第867話 【明治の風景】横浜駅前公衆便所(加筆)

初代横浜駅が開業したのは1872年6月12日(明治5年5月7日)考えてみれば、開港以来十数年で産業革命の象徴を導入したことになる。
わが国の鉄道発祥の駅舎は新橋駅と共にアメリカ人建築家、R・P・ブリジェンスが設計した。
ここに横浜駅前、鉄道開業後の写真に写る<謎>の建物を発見?

初代横浜駅前

明治25年に発行された絵地図にも駅前噴水の先、大岡川に面した場所に何か建造物がある。
私はこれは新しい「公衆便所」ではないかと推理した。
撮影時期は、初代横浜駅開業期から
1902年(明治35年)に初代大江橋が架替されるまでの間であることは間違いないだろう。
さらに絞りこめるか、果たして公衆便所なのか
資料を漁ってみた。
まず簡単に横浜公衆便所史から
開港後、欧米人が出会った日本の風習の中で、
庶民が平気でどこでも<立ちション>するという行為には閉口したという。
そこで外国人たちは<公衆便所>の設置を時の行政府に強く要望した。
早速動いたのが横浜町会所、現在の横浜商工会議所だった。
1871年(明治4年)11月に横浜町会所の費用で町内83カ所に小便所を設置。
掲示板を使って設置場所を掲示し
「右之通りに付旅人は別して心得居可申事也」と示した。
この小便所は四斗樽大の桶を地面を掘り下げて埋め込み、板囲いをした程度の簡単なものであったため臭いがきつく外国人にはかなり不評だったようだ。
「主要地区には瓶(かめ)を埋め込み、男女両用に供し、屋形式のやや完全なるものに改造するなど、統廃合の結果、多くは橋詰に設置する事となり、其の数も四十数箇所となった。」
これが写真にある初代横浜駅前広場、大江橋詰に設置された公衆便所ではないか?
<横浜駅前公衆便所>
確証は無いがその他にこの当たりに必要な<建築物>が考えつかない。
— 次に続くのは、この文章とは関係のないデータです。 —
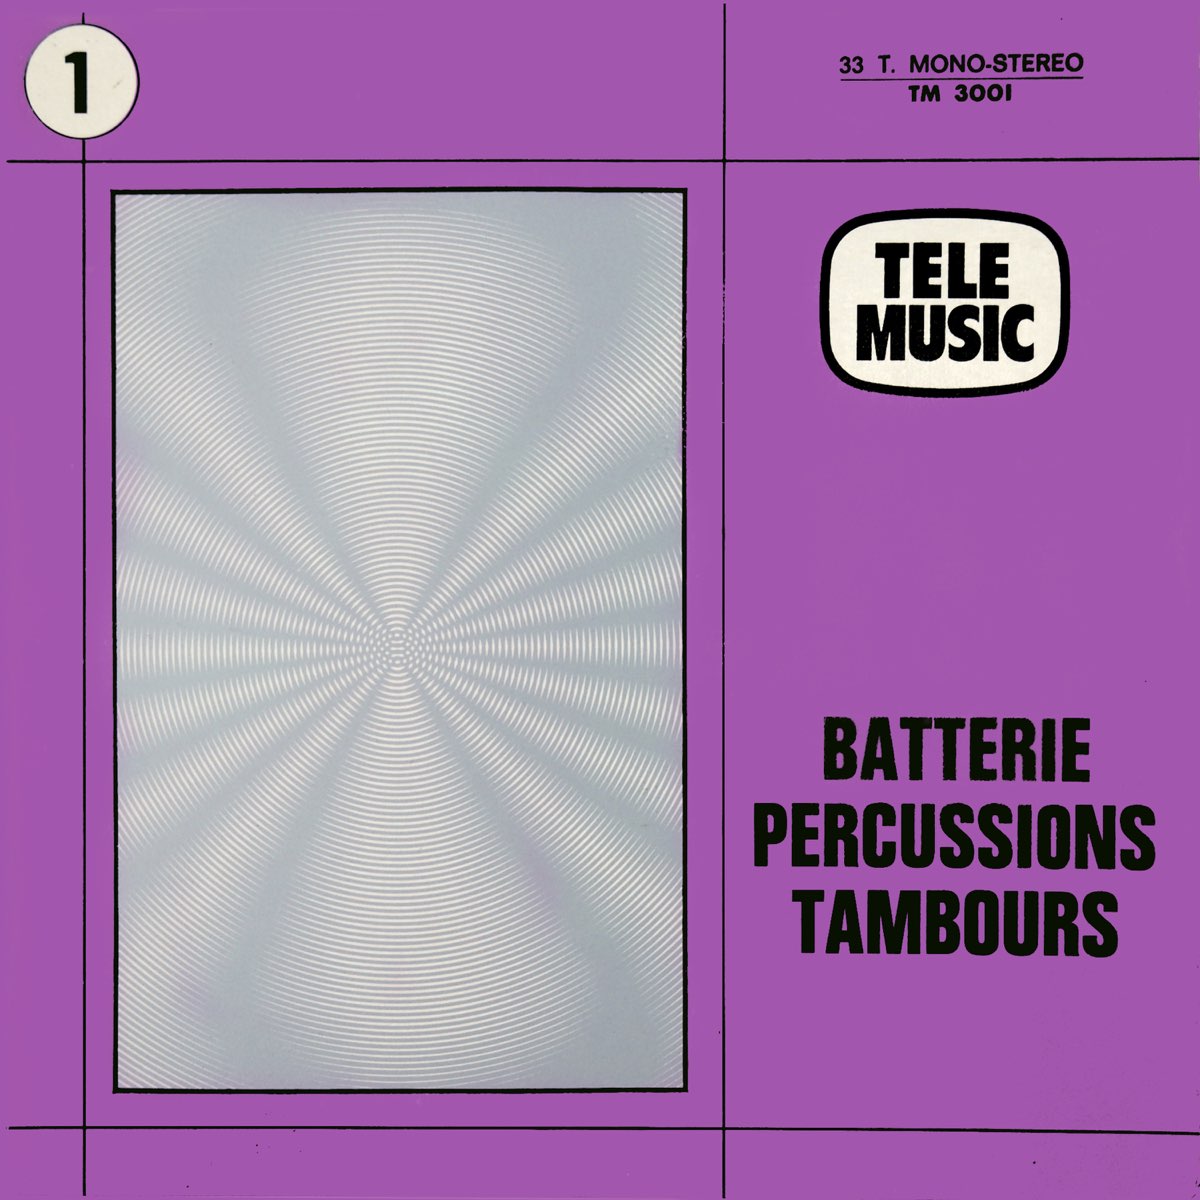 Batterie Percussions Tambours - Album by Tele Music - Apple Music
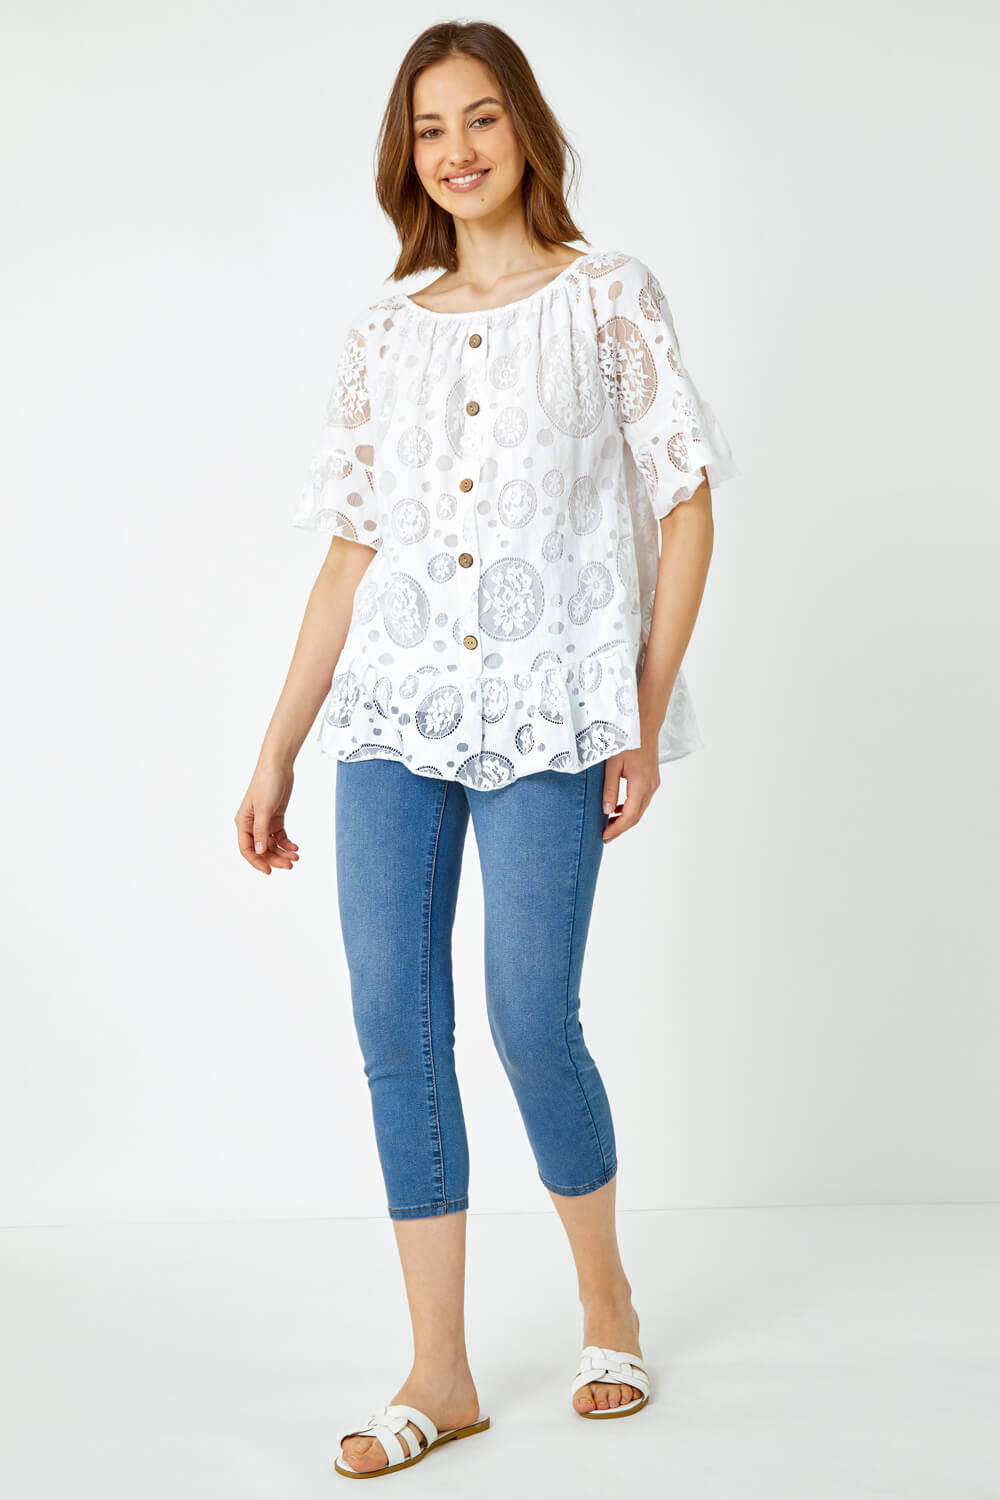 Ivory  Sheer Lace Button Detail Bardot Top, Image 2 of 5

邏卒所=交番も考えたが、川沿いに建てる必要があるのか?窓がない、川に向かって蓋らしき構造、などなど疑問が残る。
拡大してみると人影が見え”立ちション”に見えないこともない。
写真左側には「大江橋」が架かっている。下流右岸から「大江橋」を見ている。
反対側からの風景でも確認してみたい。

大江橋上流の右岸から「大江橋」を写している。
恐らくこの風景の方が新しいものだろう。電信柱が増えているのが判る。
ちょうど樹木が遮っていて、正確に確認することができないが、角度的には橋詰の<建造物>は無いように見える。
短期間で撤去された可能性もある。

明治二十年代の初代横浜駅周辺。横浜電気鉄道はまだ開通していない。

1872年(明治5年)2月17日の横浜毎日新聞には
「仮名垣魯文、立ち小便で科料(とがりょう)とられる。仮名垣魯文、当港へ来たり、本町辺にて風と立小便為し、邏卒に見咎められ、科料申付けられし由、西洋膝栗毛の趣向を一寸実施に見せたるは面白し。」と時の有名人も”立ちション”で捕まったようだ。
(参考資料:荒井保男『日本近代医学の黎明 横浜医療事始め』2011 中央公論新社)
※番外編
偶然の一致?

桜木町公衆便所遠景
桜木町公衆便所

大江橋近くに2016年までなかなか良いデザインの公衆便所があったが、廃止されてしまった。
位置的にも古地図の位置と合っている(若干大江橋寄りではあるが)!んだけどな。
さらに追いかけてみるか?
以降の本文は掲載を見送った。